Grand Gesture: ATP Seeks $50M From Grand Slam Profit ChestPublished June 9, 2003
|ATP Wants $50M To Promote
Tour & Pay Players
The ATP "has asked that some $50[M] in profits from the four lucrative Grand Slam events be used to fund increased prize money and pension plans, and to promote the tour and its players," according to Lauren Peterson of the L.A. TIMES, who noted that the idea was met "less than enthusiastically by the Grand Slam tournaments." Grand Slam officials in a statement said that each of their events had "re-confirmed its individual right to continue determining levels of player compensation and unanimously" rejected the proposal. An ATP spokesperson declined to comment, saying only the ATP is "not going to negotiate in the press." Meanwhile, the breakaway IMTA, which claims to have 62 players, had its own meeting with Grand Slam execs on Wednesday. IMTA Administrative Dir Henri-James Tieleman said that he was "pleasantly surprised" at "how well his group was received." ATP officials noted that none of the players "has given up membership in the ATP." An ATP statement read, "We question what, if any, real commitment many players on the list have made to IMTA. ... [ATP] will not be deterred in pursuing our goal of achieving a fair investment in our sport from the Grand Slams." IMTA member Mike Bryan said, "I think this should have been done a long time ago.
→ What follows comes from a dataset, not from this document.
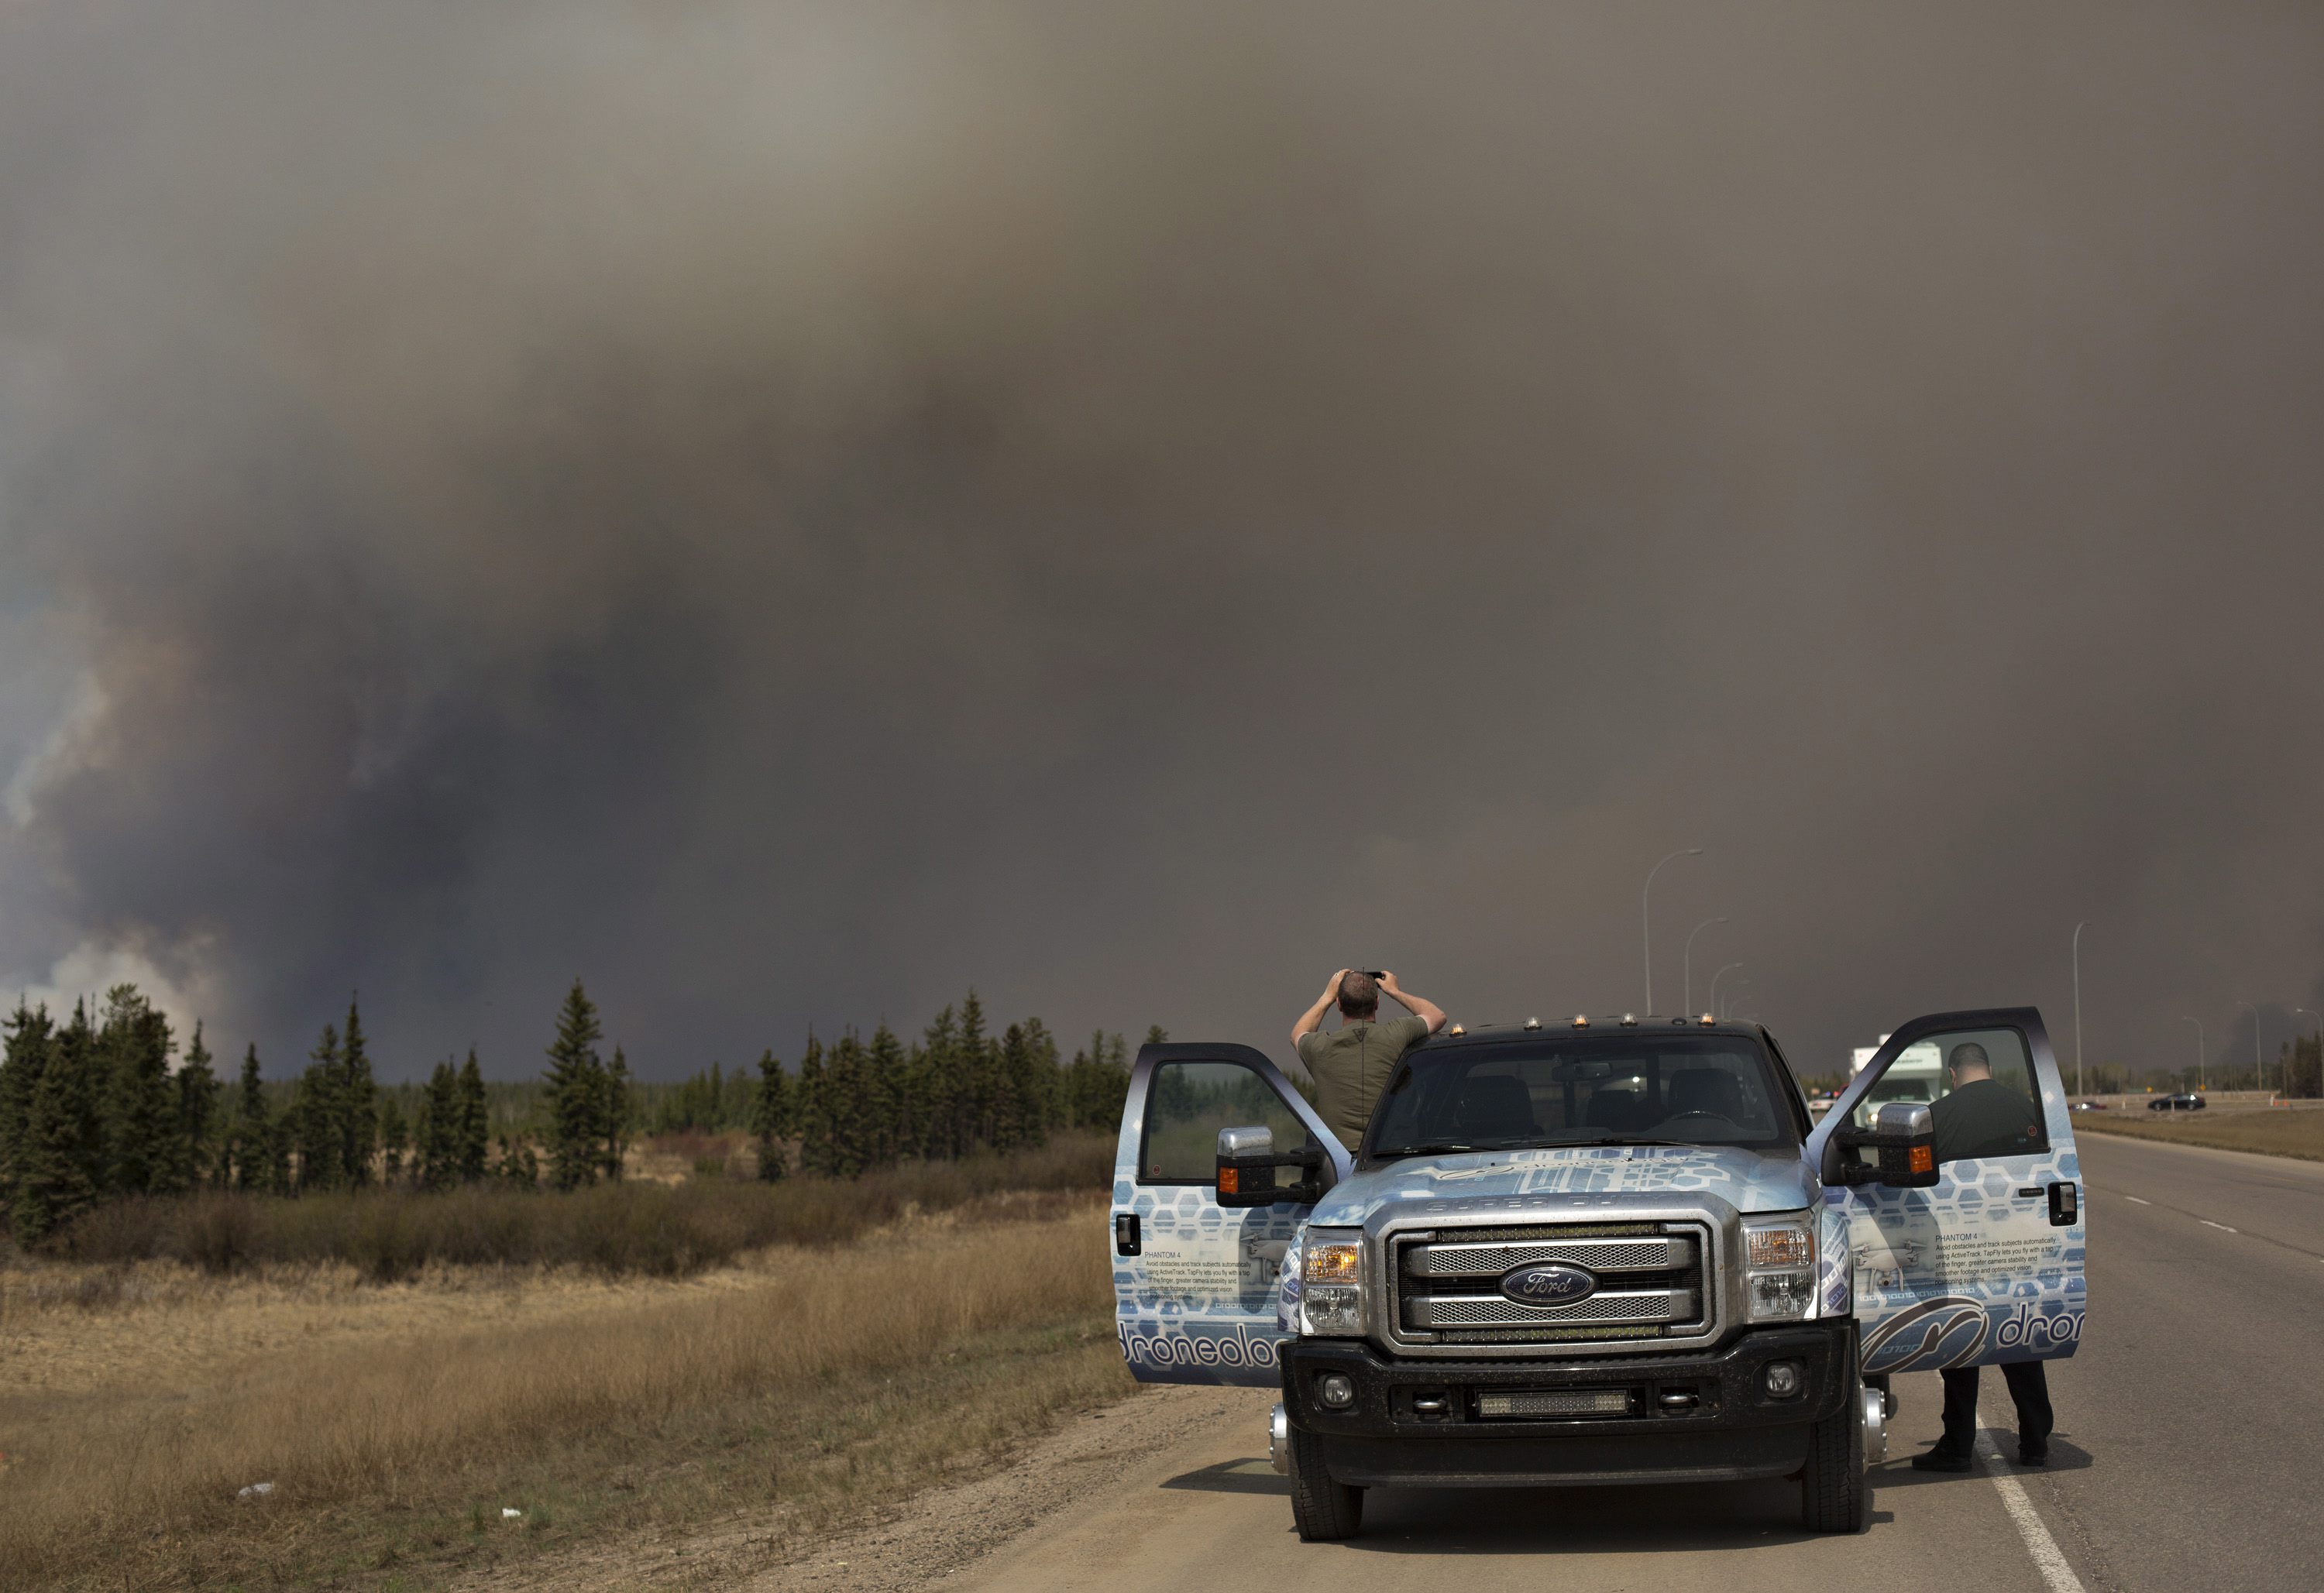 People stop to take photos of a wildfire south of Fort McMurray, Alberta, Canada on Thursday May 5, 2016. Raging wildfires in the Canadian province of Alberta have moved south, forcing three more communities to evacuate and an emergency operations center to move again. (Jason Franson/The Canadian Press via AP) MANDATORY CREDIT

We just want to put pressure on them" (L.A. TIMES, 6/8). TENNIS WEEK called the ATP's $50M request a "startling show of bravura" (TENNIS WEEK, 6/8).
SPLITTER: ATP Player Council President Todd Martin told the SPORTSBUSINESS JOURNAL's Liz Mullen that the IMTA "could potentially hurt the ATP's ability to get sponsors and erode its fan base." Martin: "Why would a sponsor want to support a sport in which there are a bunch of players who want to break off? If they signed a five-year deal, they wouldn't be 100[%] confident [the ATP] would be the same thing they agreed to in the first place." IMTA spokesperson Dan Wasserman countered, "The notion that the effective representation of athletes would lead to the Armageddon of the sport is alarmist and nonsense. The fact that the emergence of strong players associations has also coincided with enormous spurts in the growth and popularity of those sports should put that rumor to rest" (SBJ, 6/9 issue).